In Re: MH2023-004502, No. 1 CA-MH 23-0085 (App. Div. I, October 31, 2024) (J.Jacobs) https://www.azcourts.gov/Portals/0/OpinionFiles/Div1/2024/No.%201%20CA-MH%2023-0085%20IN%20RE%20MH2023-004502.pdf
EXAMINATION OF MENTAL HEALTH PATIENT BY BEHAVIORAL HEALTH SOCIAL WORKER WHICH INCLUDED TREATMENT IS PRIVILEGED UNDER A.R.S. § 32-3283(A) & A.R.S. § 32-3283(A) AND CAN ONLY BE WAIVED BY PATIENT/SOCIAL WORKER EXAMINING PATIENT TO SUPPORT MENTAL HEALTH TREATMENT CANNOT ALSO SERVE AS AN “AQUAINTANCE” WITNESS
A.R., a mental health patient appeals an ordered to undergo mandatory mental health treatment by the Maricopa County Superior Court under A.R.S. § 36-539(B). The Arizona Court of Appeals vacated the superior court order.
M.G., a licensed master social worker was asked to examine A.R. based upon behavior suggesting a mental health problem. M.G. interviewed, observed, examined and assisted A.R. to “enhance or restore [his] ability to function.” At the outset M.G. told A.R. that “their consultation would not necessarily remain confidential, as it could give rise to a petition for court-ordered treatment, and that M.G. might appear in court to discuss it.”
The court of appeals noted application of the Behavioral Health Social Worker privilege raised in this case was an issue of first impression, and held:
Section 3283 bars licensees from divulging information
received from patients such as A.R. where the information is “received by
reason of the confidential nature of the behavioral health professional-client
relationship.” A.R.S. § 32-3283(A). To determine whether the information
M.G. testified to concerning A.R. was thus received, we look to the
definitions of closely related terms in A.R.S. § 32-3251.
These definitions leave no room for doubt that M.G., a
licensed social worker, stood in a confidential relationship with A.R. The
practice of behavioral health is confidential, because “client” in A.R.S. § 32-
3283(A) includes anyone receiving “behavioral health services.” A.R.S. §
32-3251(2), (9). And “the practice of behavioral health” means “the practice
of . . . social work.” A.R.S. § 32-3251(9). The “practice of social work”

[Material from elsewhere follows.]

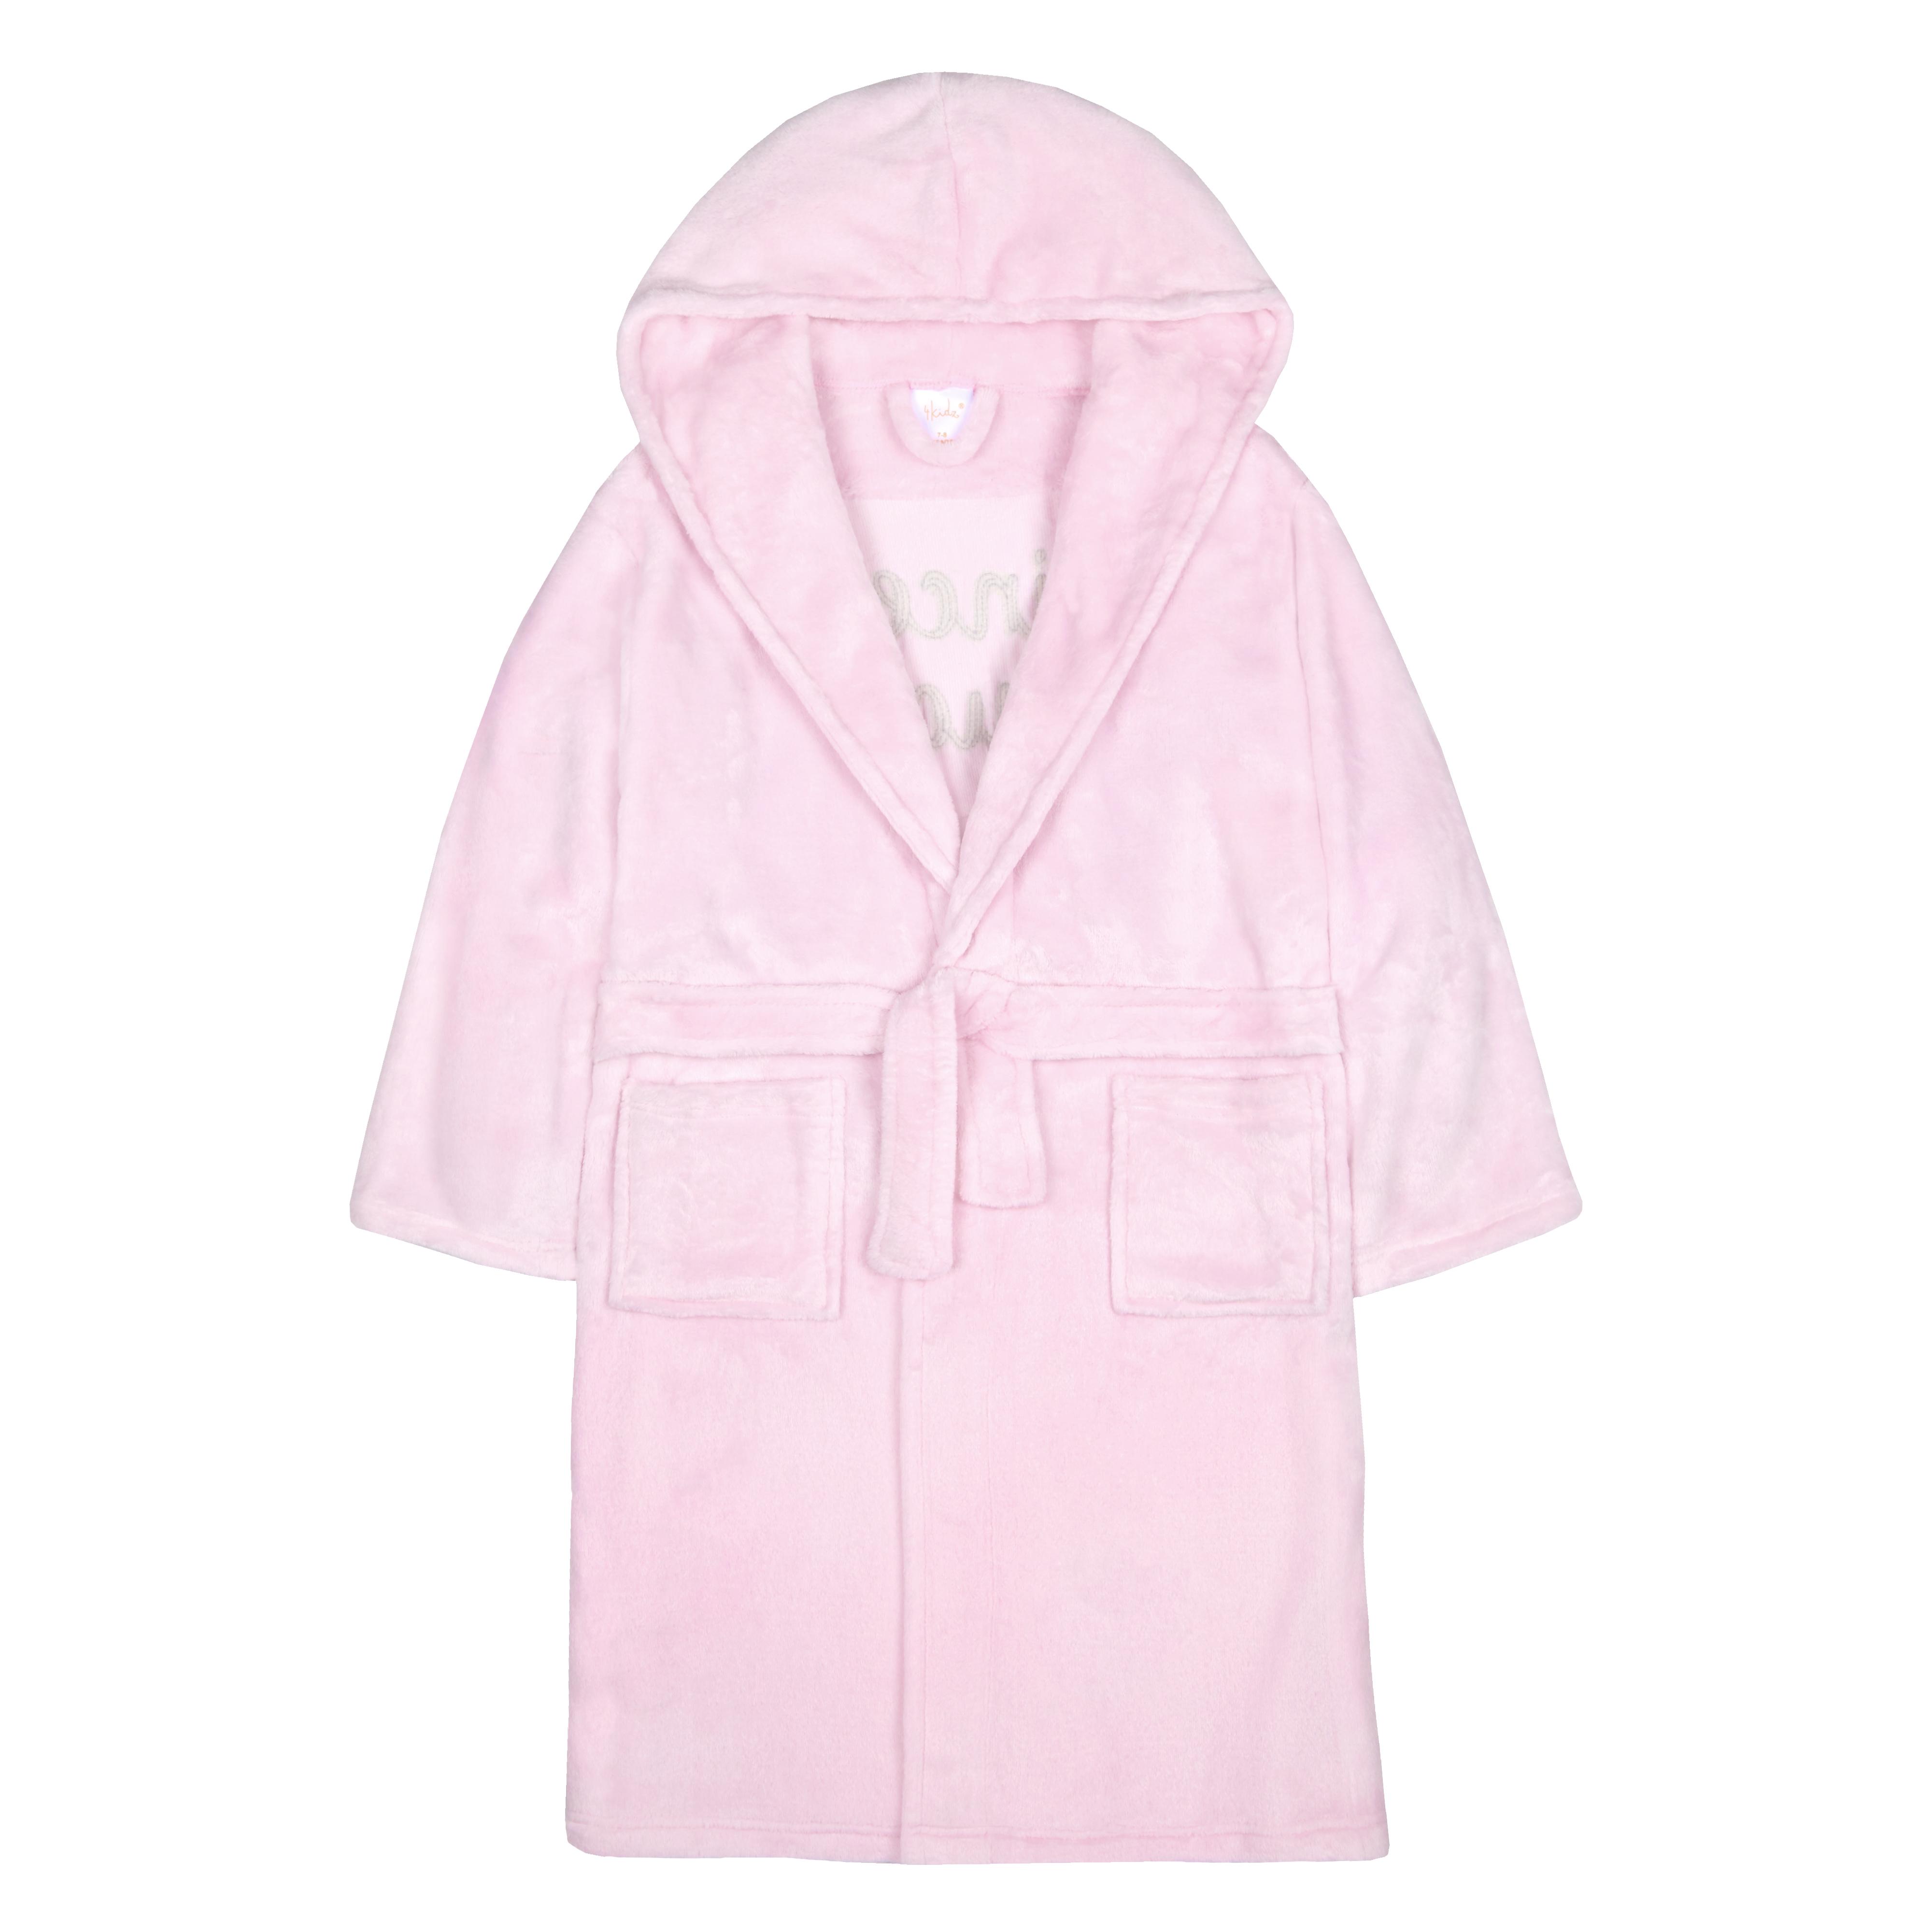 51b0aa9b02c Girls Children s Sequin Princess Plush Fleece Dressing Gown Robe Soft Hooded

includes the “application of social work theories, principles, methods, and
techniques to [a]ssist individuals . . . to . . . restore the ability to function
physically, socially, emotionally, mentally and economically.” A.R.S. §
32-3251(12)(b). It also includes “the application of social work theories,
principles, methods, and techniques to [t]reat mental, behavioral, and
emotional disorders.” A.R.S. § 32-3251(12)(a).

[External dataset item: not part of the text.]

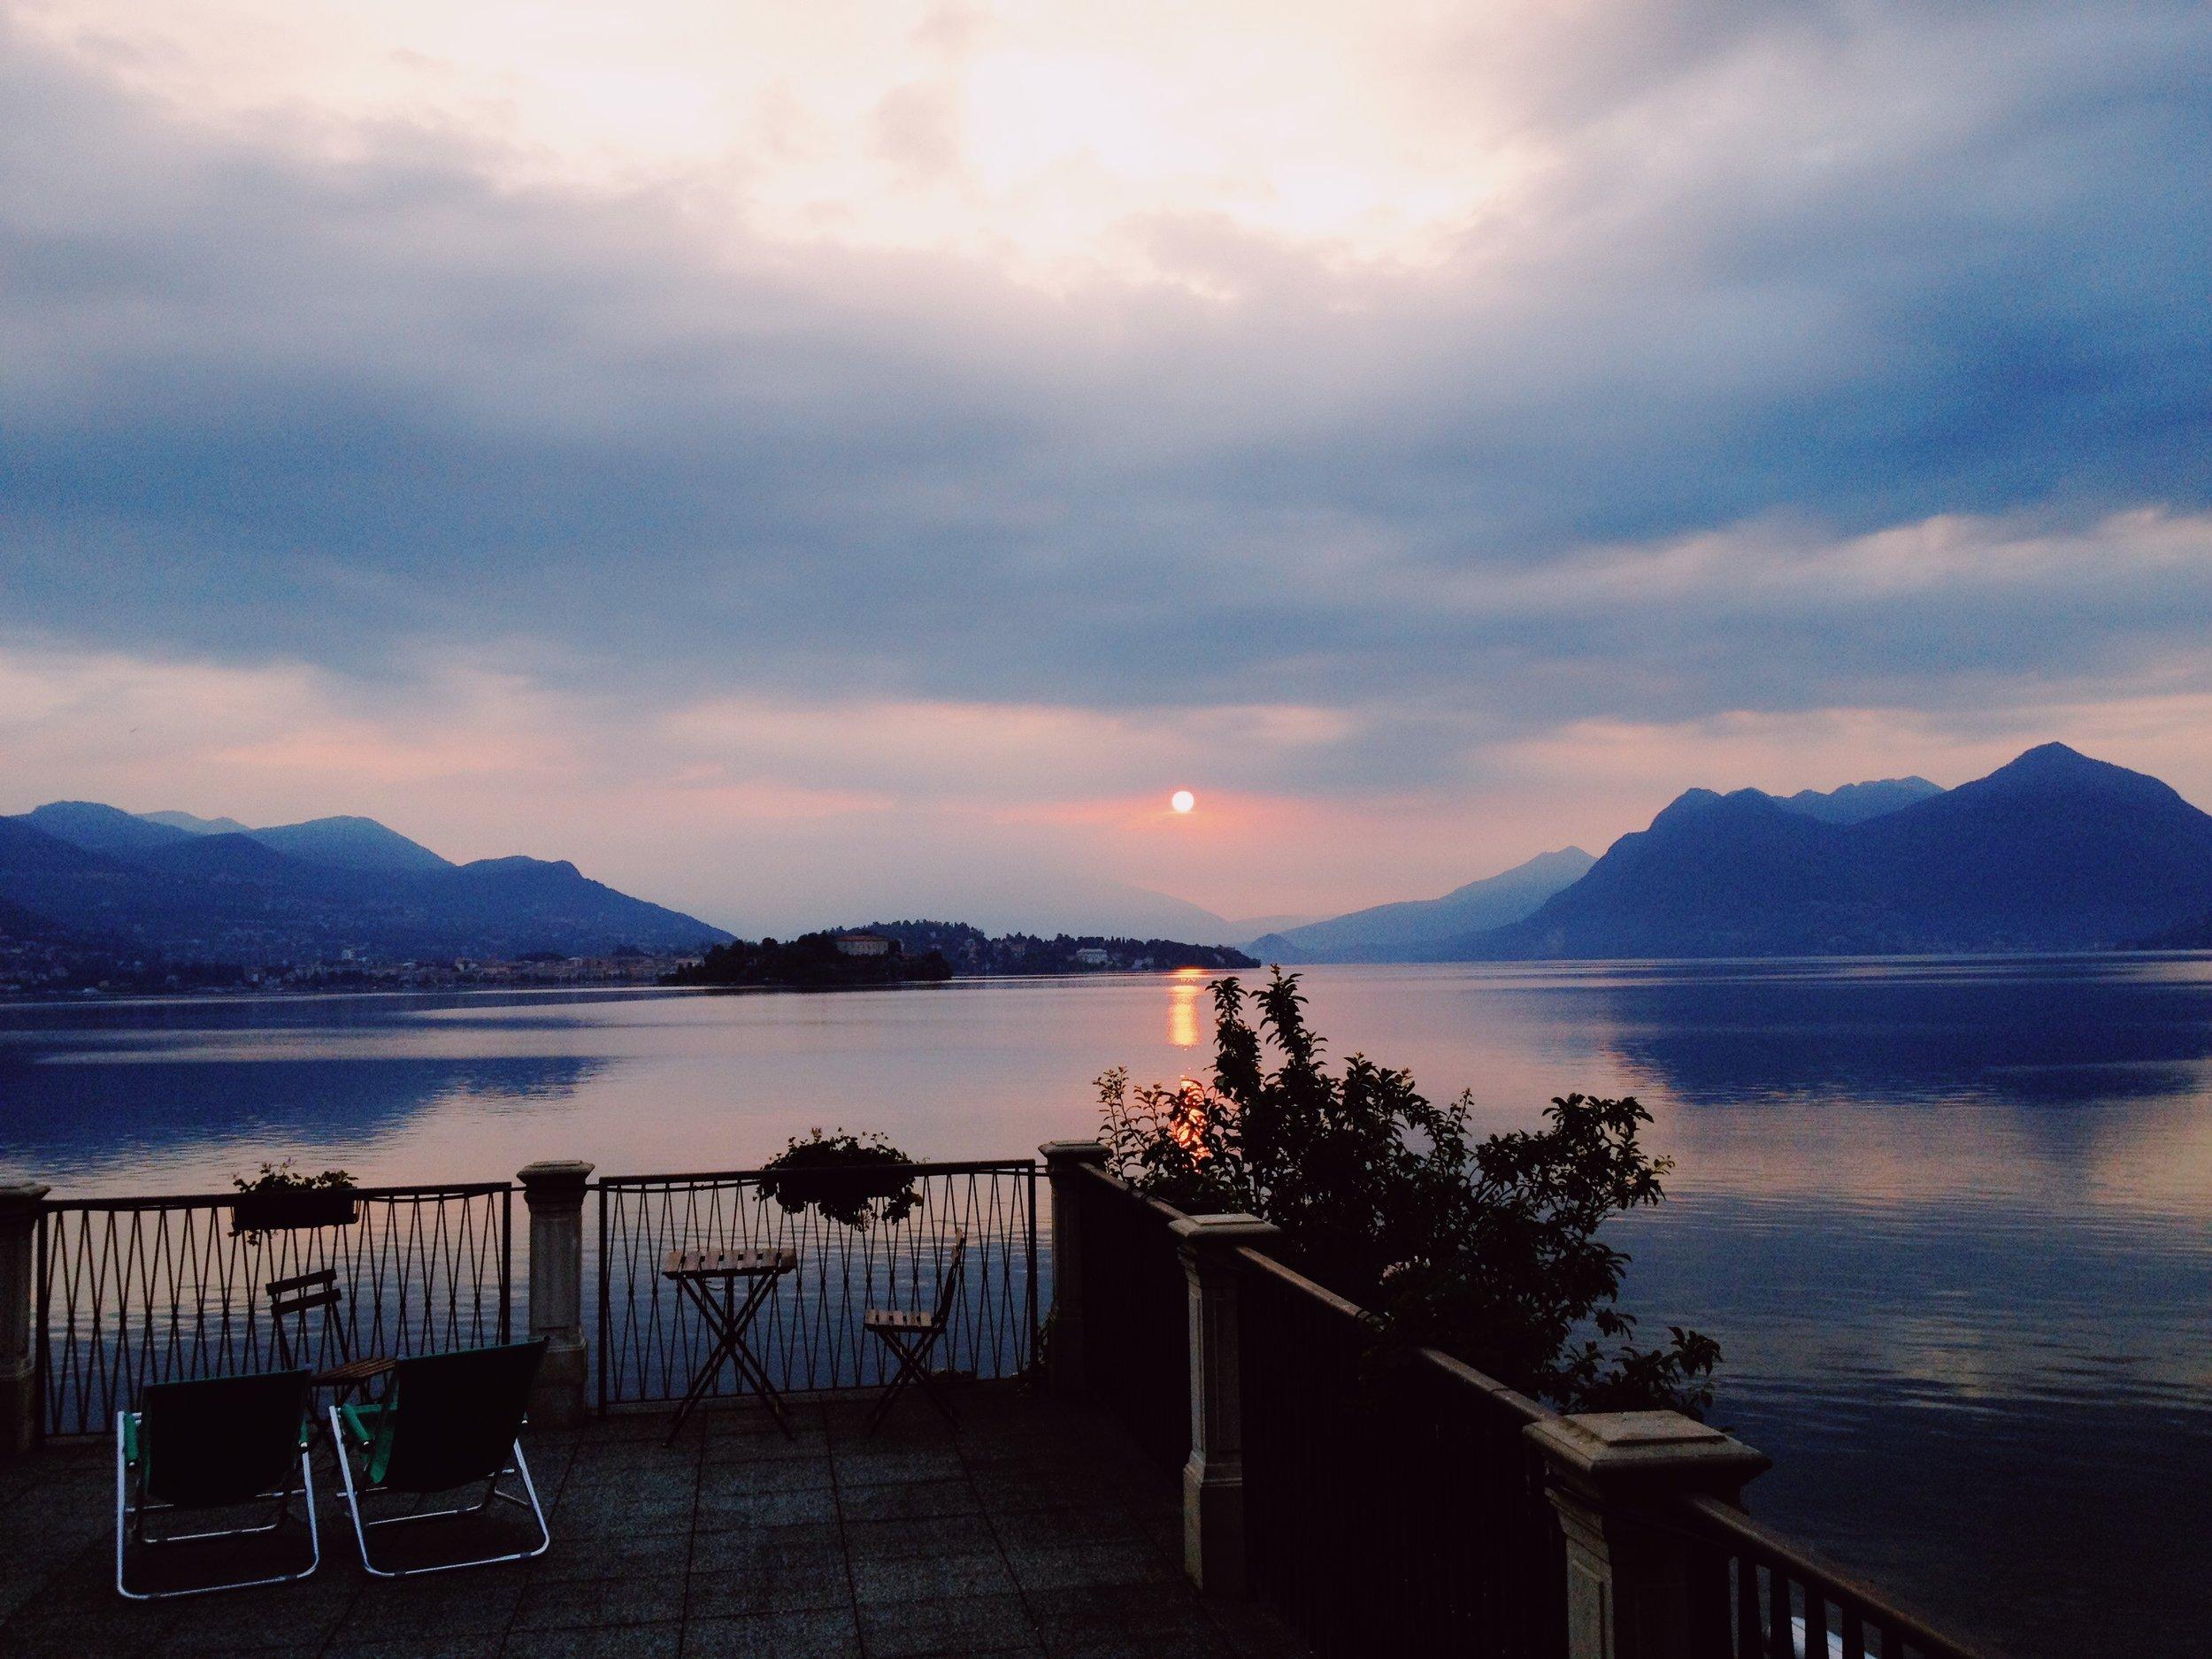 Italie - Lac majeur

Because the statute provides that the Behavioral Health Professional privilege is “the same as between an attorney and a client,” (A.R.S. § 32-3283), the M.G.'s statement that the examination “might not be privileged or confidential” is of no consequence as only the patient can waive the privilege.

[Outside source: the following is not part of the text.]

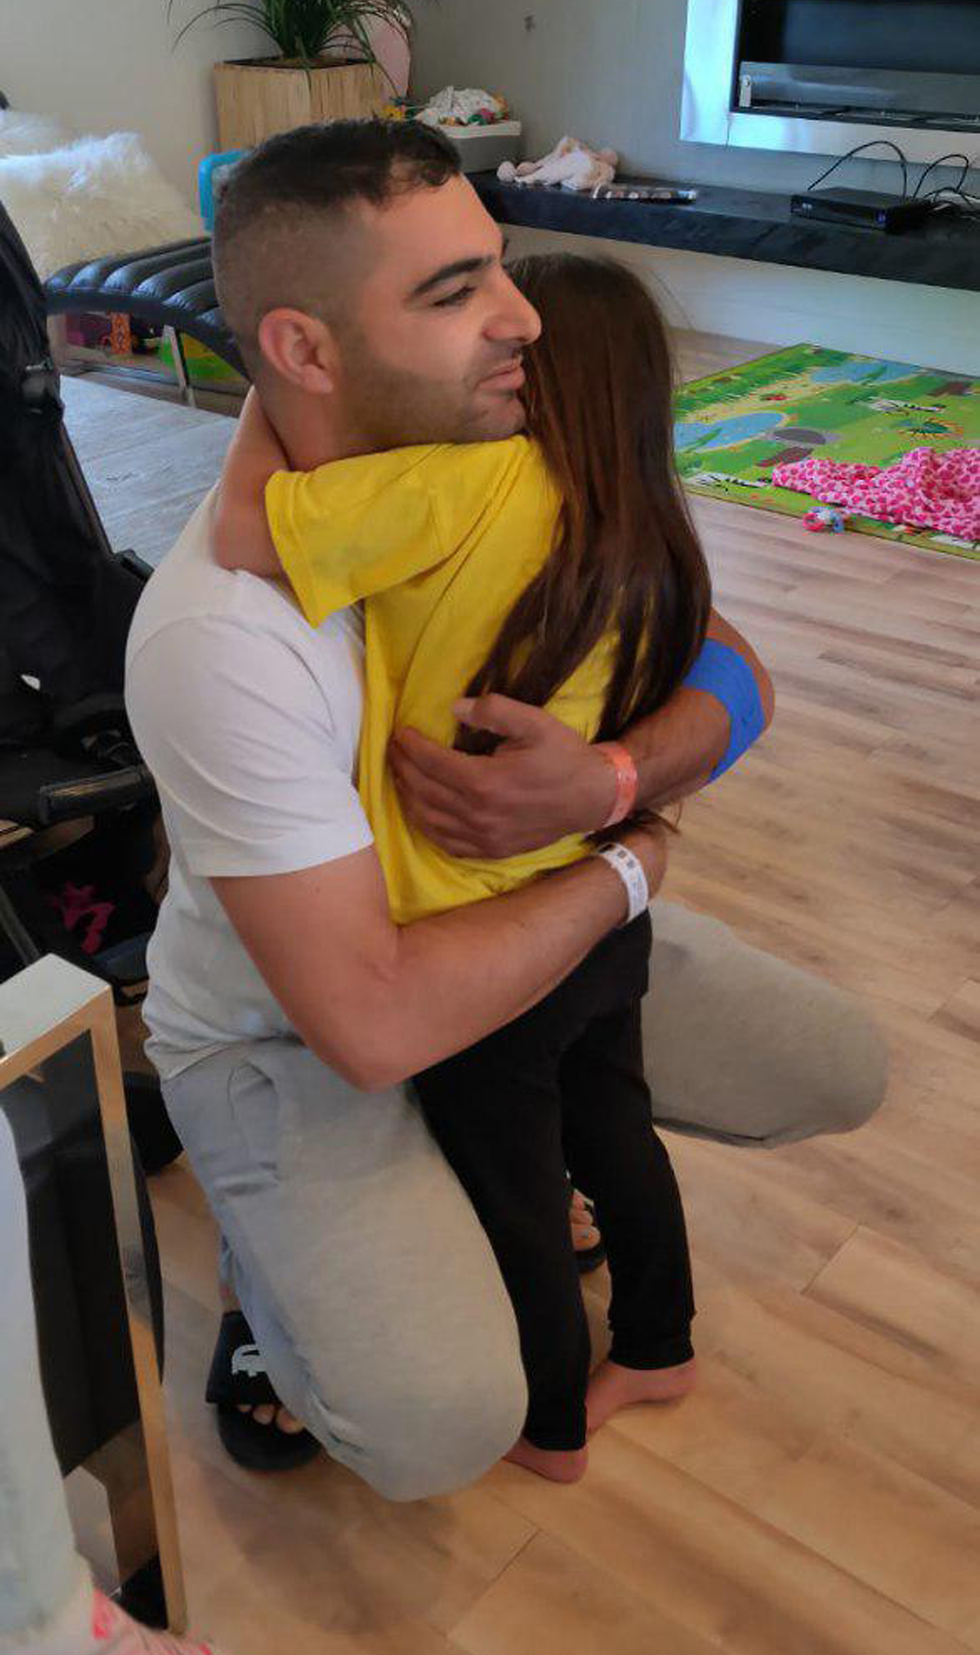 Noya Dahan and Almog Peretz (Photo: Tzipi Shmilovich)

A second issue was whether M.G. could meet the “acquaintance witness” requirement of A.R.S. § 36-539(B) which had to be met to support the superior court's order. This statute requires that two people acquainted with the patient must testify in support of the order. The court of appeals found that “no person whose primary contact with the patient was to examine the patient during his or her commitment evaluation process may testify at the hearing as one of the required acquaintance witnesses.”